Natural immunity to malaria develops slowly and malaria vaccine trials have been disappointing, with low efficacy and poor longevity, particularly in areas with high malaria exposure. Many pathogens (Malaria, Leishmania, Trypanosoma, Mycobacterium tuberculosis (Mtb) and HIV) can persist in the human and murine bone marrow (BM), where B lymphocytes develop. As they mature, B cells that bind to molecules present in this environment undergo negative selection and are deleted from the repertoire to prevent autoimmunity. Our research investigates the hypothesis that through persistence in the BM, pathogens can exploit this endogenous mechanism for self-tolerance. This would lead to pathogen-specific tolerance and could contribute to inefficient acquisition of natural and vaccine-induced immunity. Using human samples from a malaria-endemic region in Mali, as well as a chronic malaria mouse model, experimental approaches involve cellular immunology, immunofluorescence analysis and next-generation sequencing of the B cell receptor (BCR) repertoire. It will be elucidated whether pathogen persistence in the BM can undermine efficient acquisition of immunity and illuminate underlying mechanisms, that will ultimately prove critical for the development of an effective vaccine against pathogens such as malaria, HIV and Mtb.

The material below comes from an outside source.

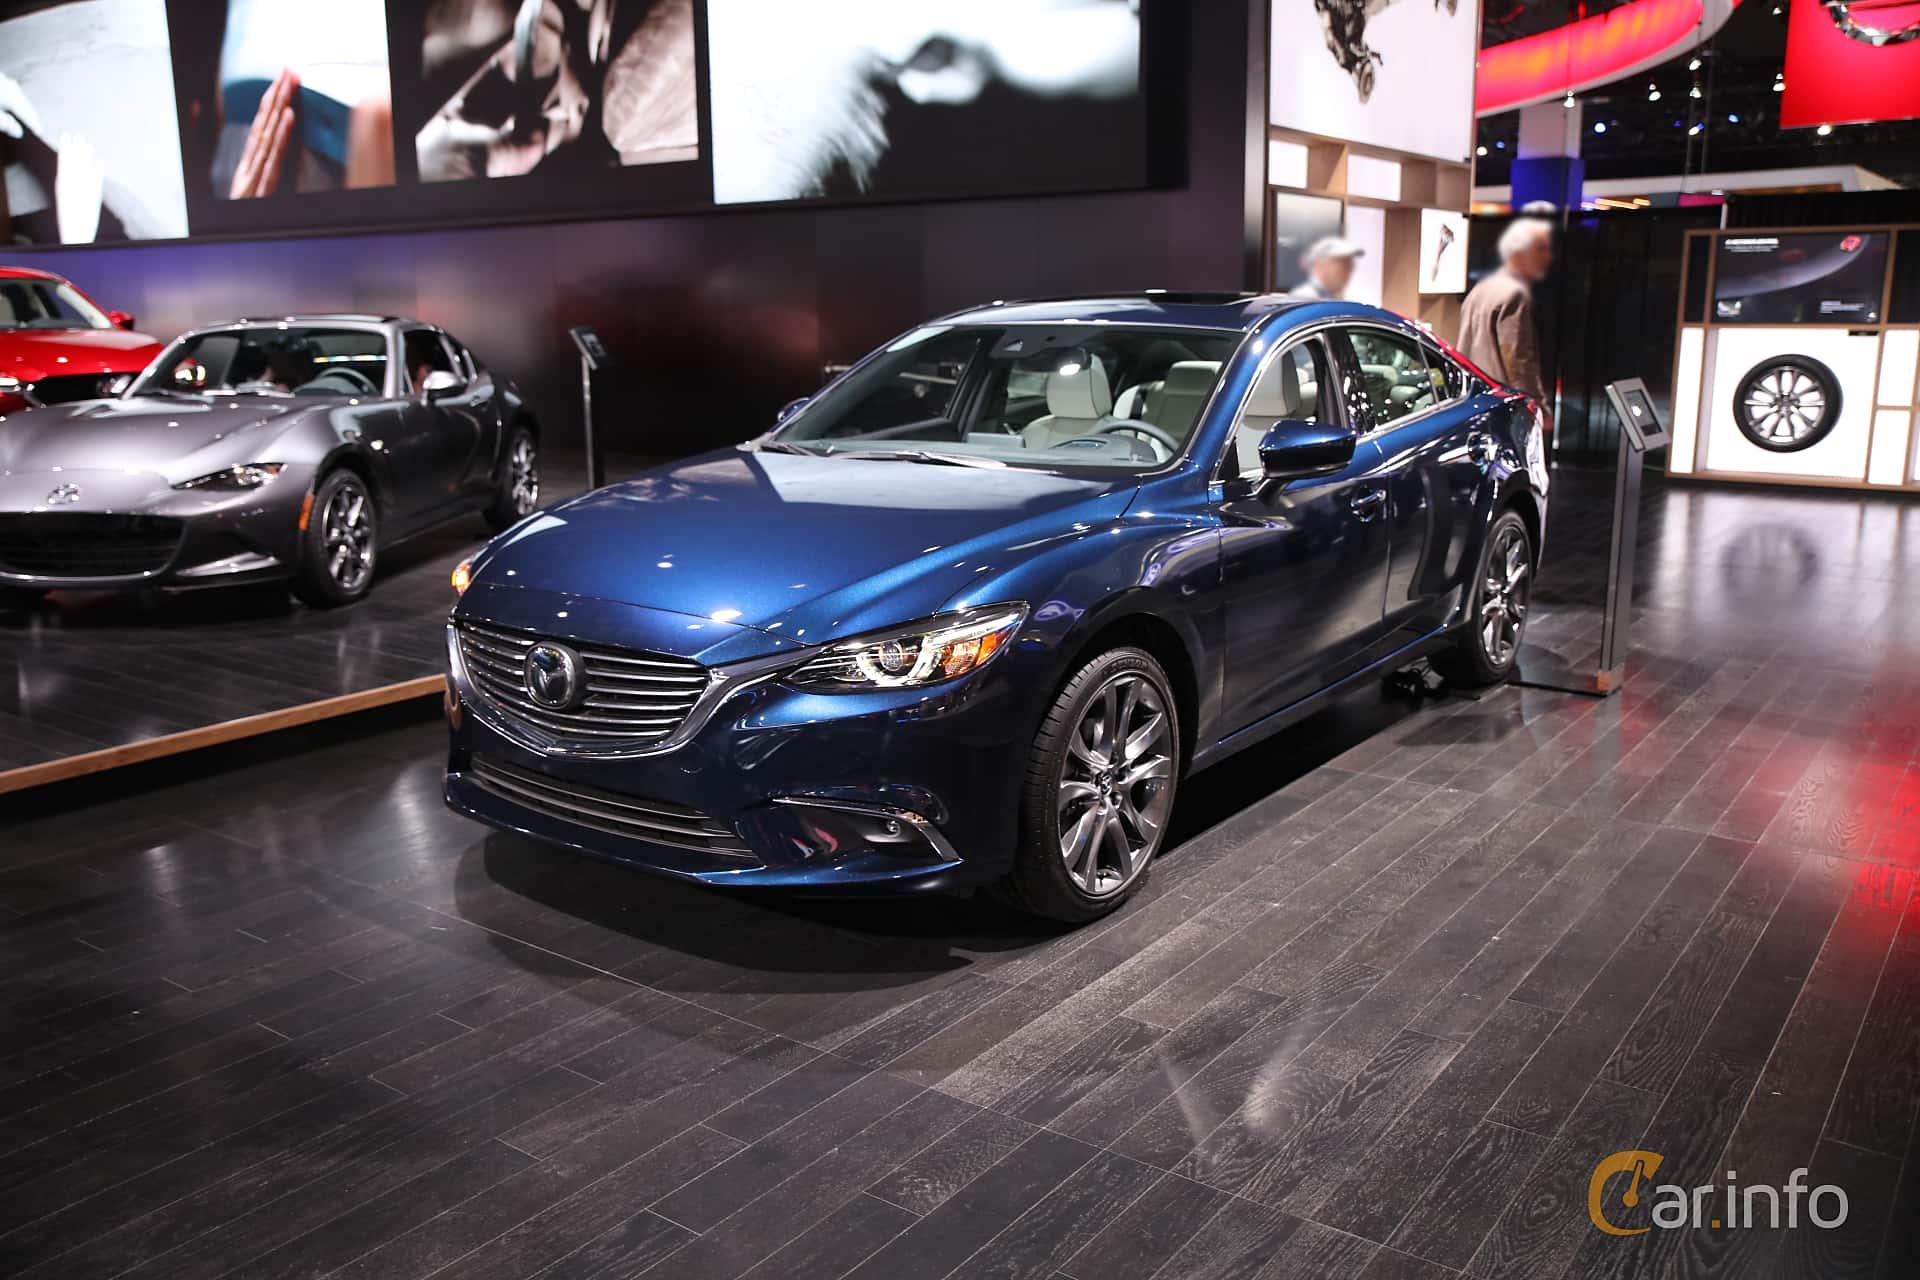 Mazda 6 Sedan 2.5 SKYACTIV-G Automatic, 192hp, 2017 at North American International Auto Show 2017

V(D)J recombination creates billions of antibodies (B cell receptors, BCRs) that collectively provide broad protection against a vast diversity of pathogens. The antibody repertoire is further diversified through somatic hypermutation (SHM). Quantification of this diversity has been possible since the recent development of high-throughput immune repertoire sequencing. Many studies have examined how the BCR repertoires change in response to vaccination or infection, yet few have explored the longitudinal evolution and dynamics of the immune repertoire in healthy individuals. Using a unique set of samples obtained from an ongoing longitudinal cohort study in malaria-endemic Mali, we are characterizing the BCR repertoires as they evolve over the course of many years, assessing the impact of successive acute malaria episodes and generating key insights into the longevity of malaria-specific B cell clones.

The work with cohort studies in Mali is conducted through a close collaboration with Peter Crompton's laboratory at NIAID/NIH, an experienced team of clinicians and scientists from the Malaria Research and Training Center (MRTC) at the University of Bamako, and the support provided by the NIAID International Centers for Excellence in Research (ICER) program.